METHODS: Eleven male T2D patients (age: 59.1+/-7.5 years; body mass index: 32.2+/-4.0 kg/m2) performed progressive resistance and interval exercise training thrice a week for 10 weeks. Besides primary diabetes outcome measures, muscle strength (MUST), maximal workload capacity (Wmax), whole-body peak oxygen uptake (VO2peak) and muscle oxidative capacity (MUOX), intramyocellular lipid (IMCL) and glycogen (IMCG) storage, and systemic inflammation markers were determined before and after training. Daily exogenous insulin requirements (EIR) and historic individualized EIR were gathered and analysed.

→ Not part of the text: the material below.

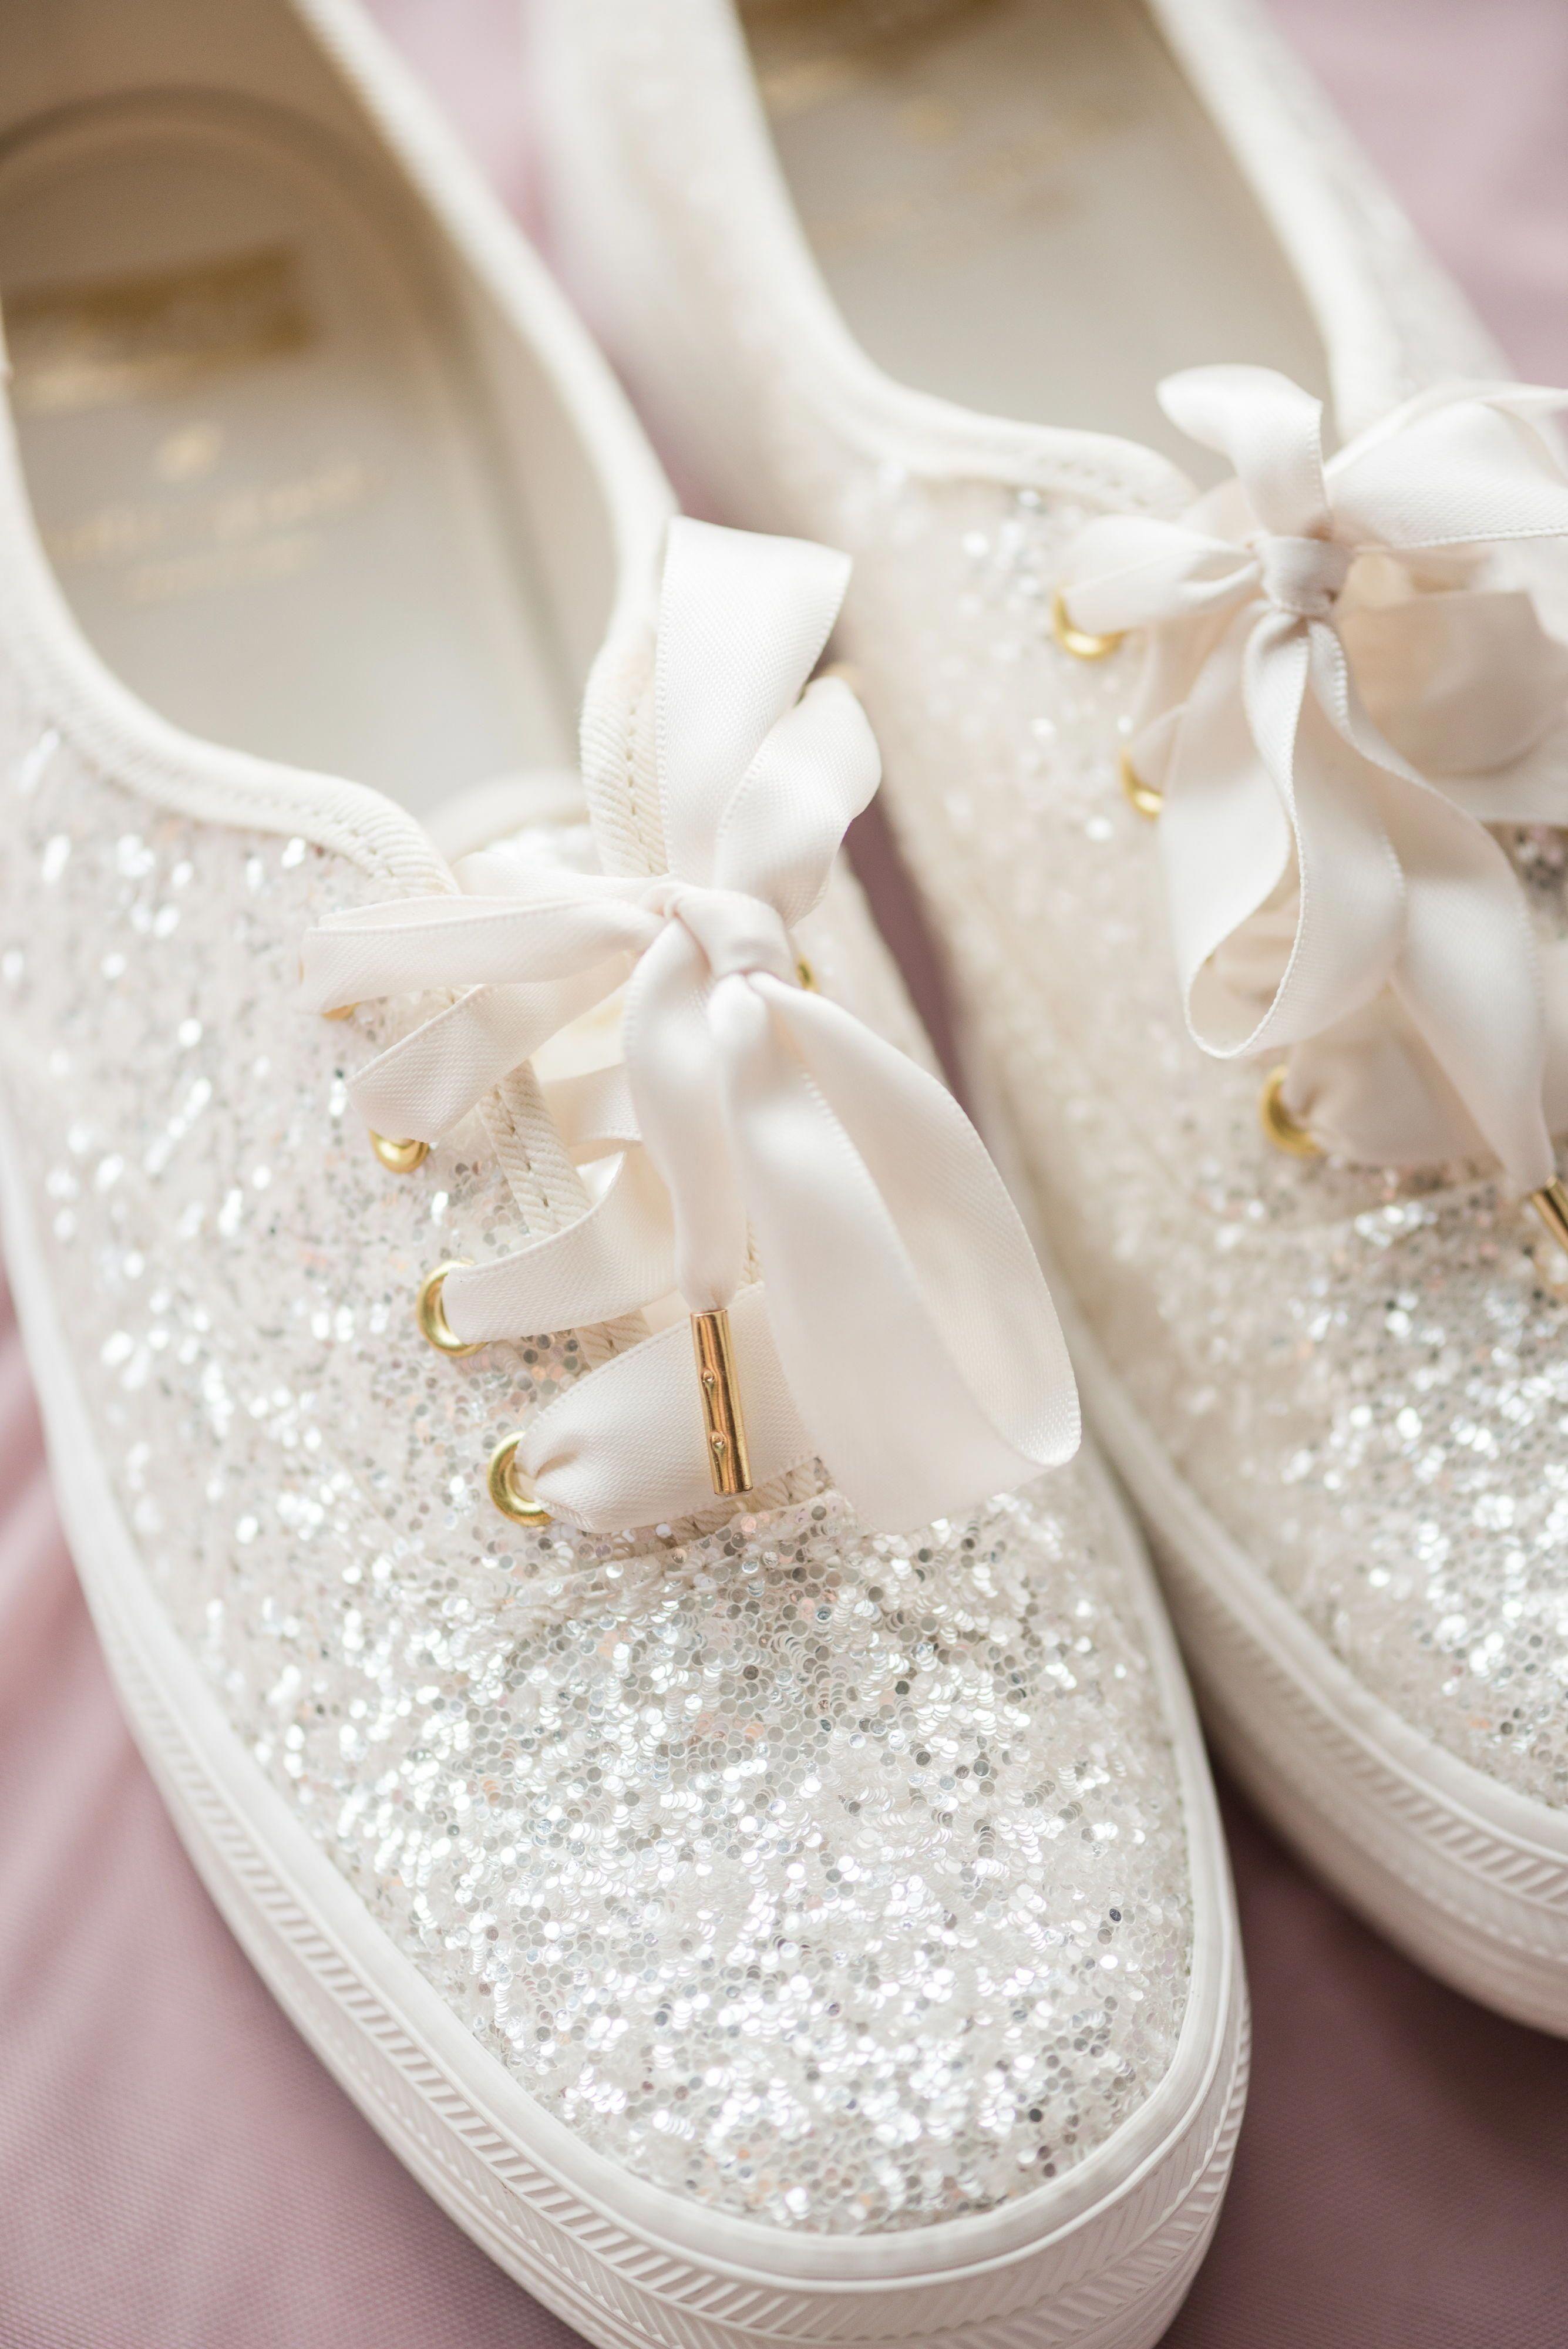 Sparkly glitter Kate Spade Keds for

RESULTS: MUST and Wmax increased with 17% (90% confidence intervals 9-24%) and 14% (6-21) respectively. Furthermore, mean arterial blood pressure declined with 5.5 mmHg (-9.7 to -1.4). EIR dropped with 5.0 IU/d (-11.5 to 1.5) compared with baseline. A decline of respectively -0.7 mmol/l (-2.9 to 1.5) and -147 micromol/l (-296 to 2) in fasting plasma glucose and non-esterified fatty acids concentrations were observed following the intervention, but these were not accompanied by changes in VO2peak, MUOX, IMCL or IMCG, and blood glycolysated haemoglobin, adiponectin, tumor necrosis factor-alpha and/or cholesterol concentrations.

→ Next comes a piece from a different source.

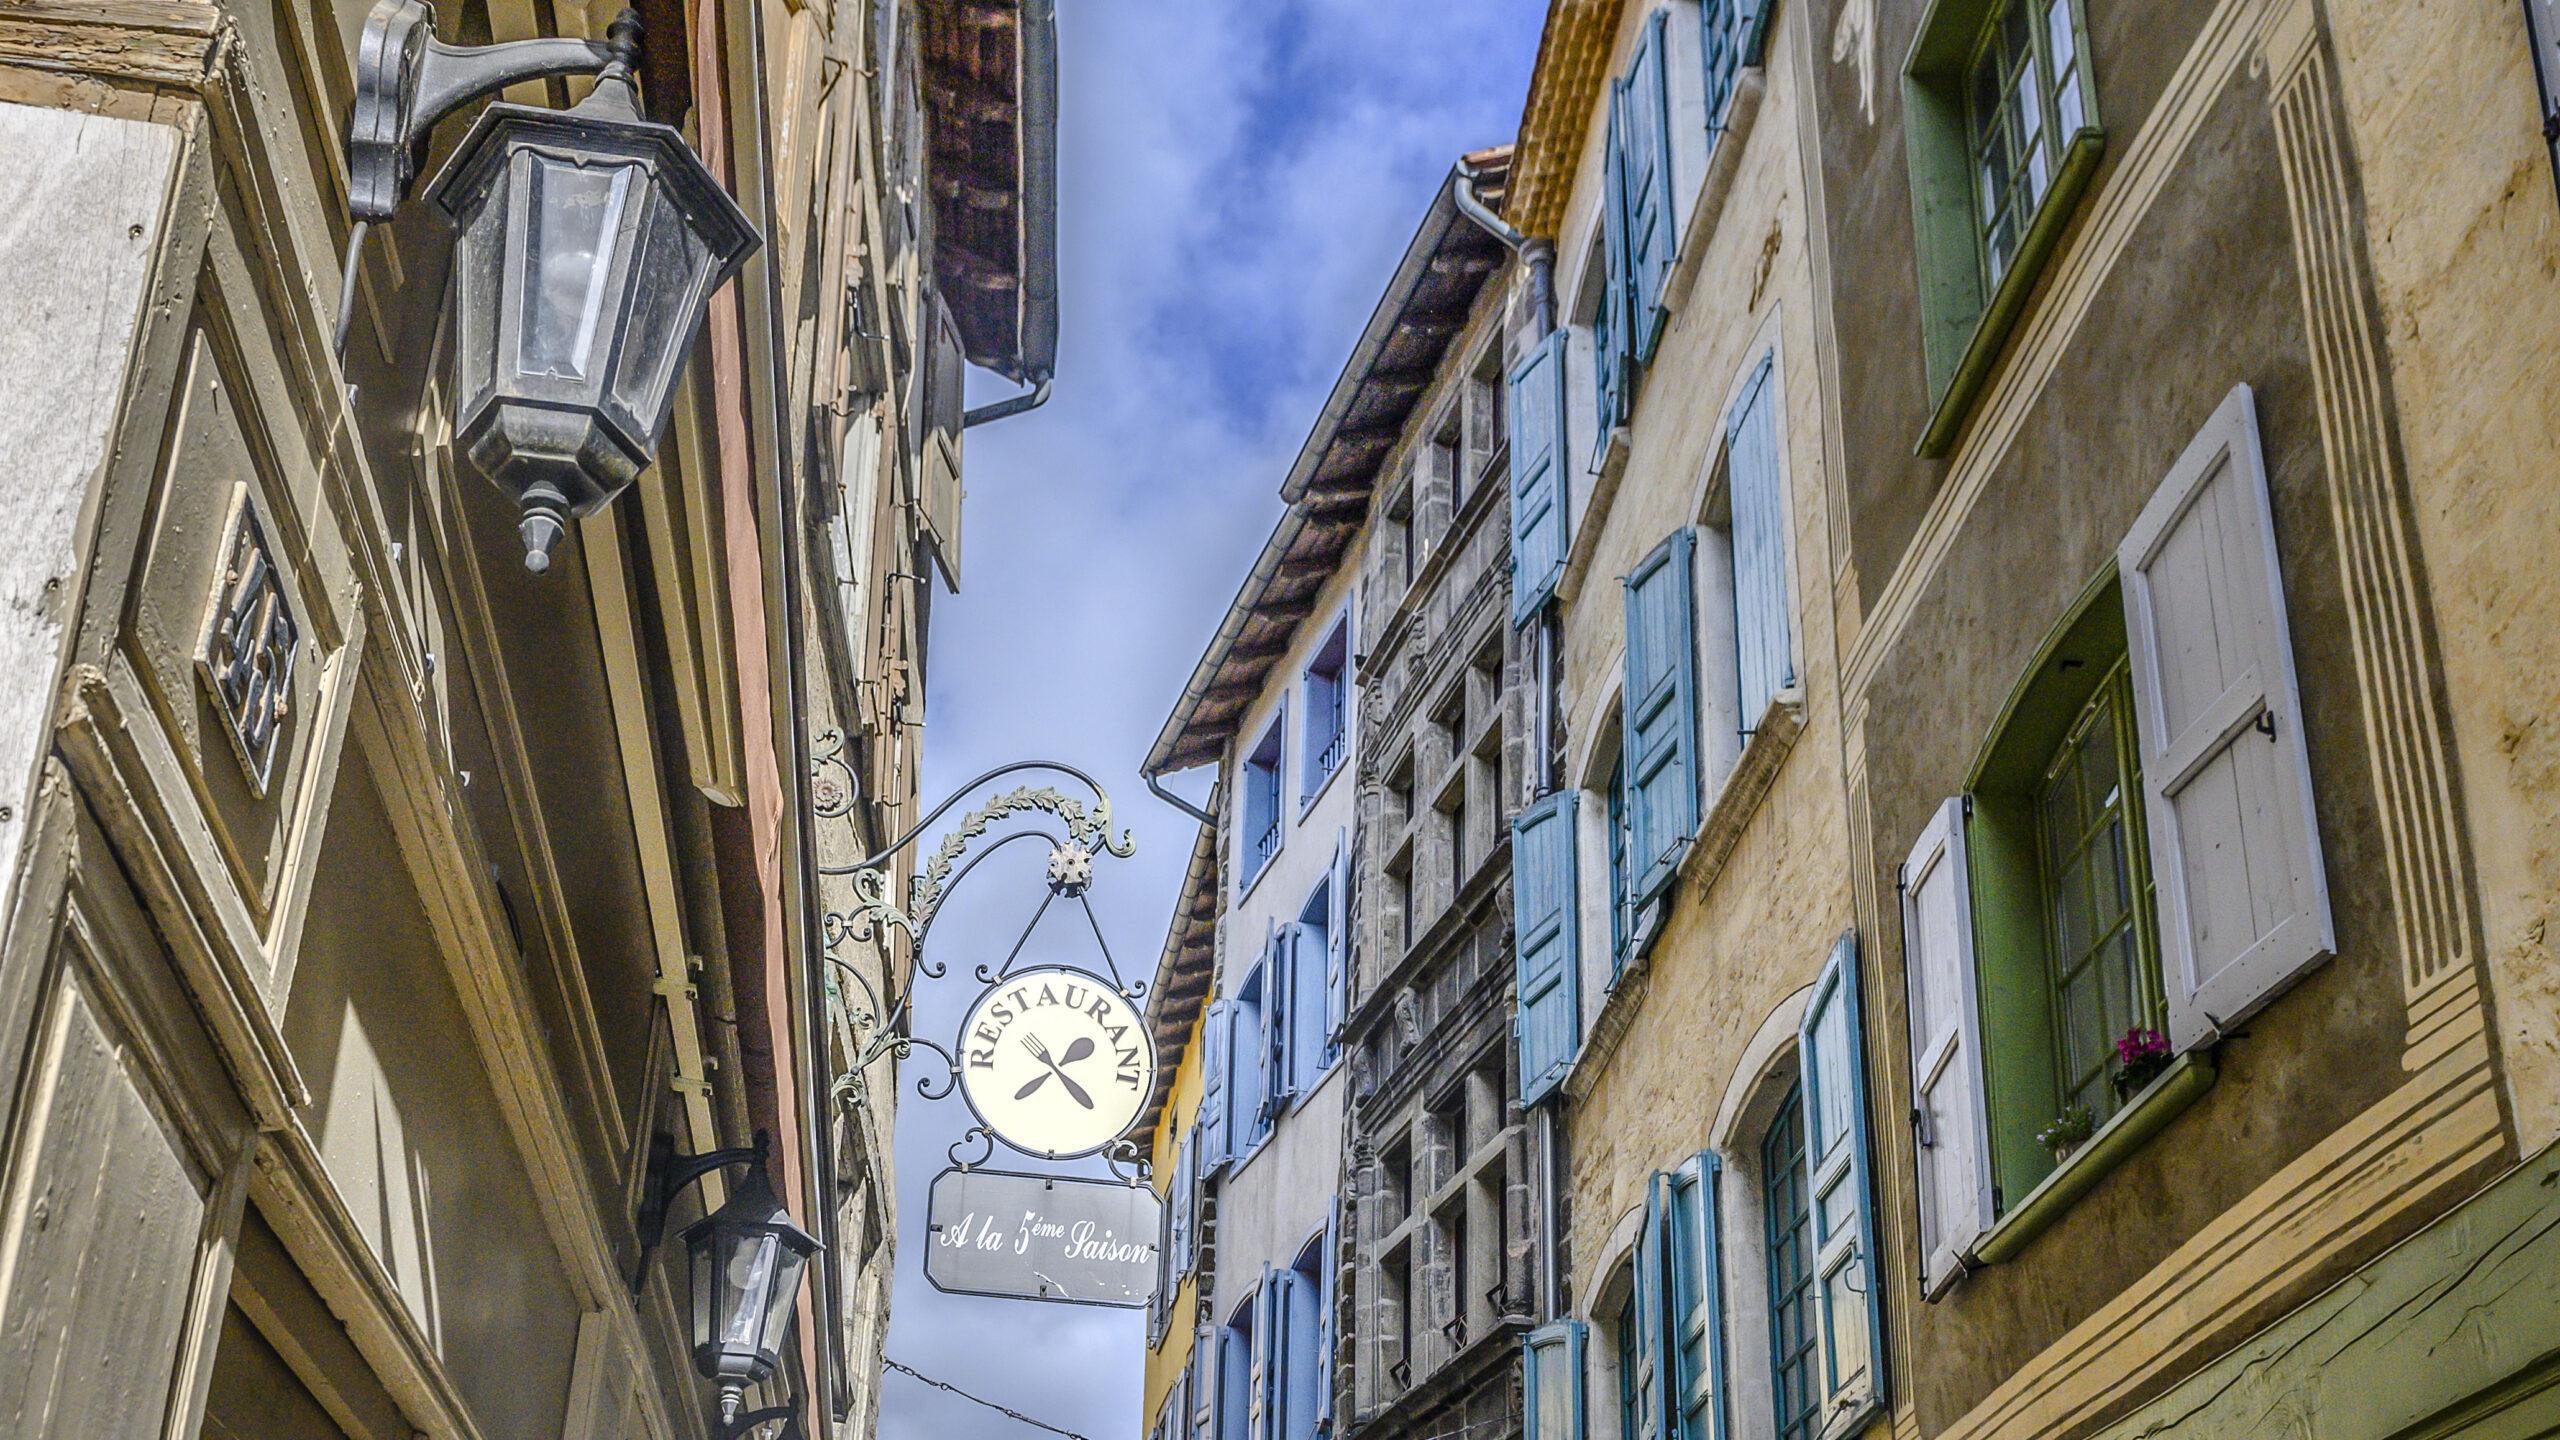 Le Puy-en-Velay: Restaurantschild in der Unterstadt. Foto: Hilke Maunder

CONCLUSION: Short-term resistance and interval exercise training is feasible in deconditioned T2D patients with polyneuropathy and accompanied by moderate improvements in muscle function and blood pressure. Such a specific exercise regimen may provide a better framework for future exercise intervention programmes in the treatment of deconditioned T2D patients.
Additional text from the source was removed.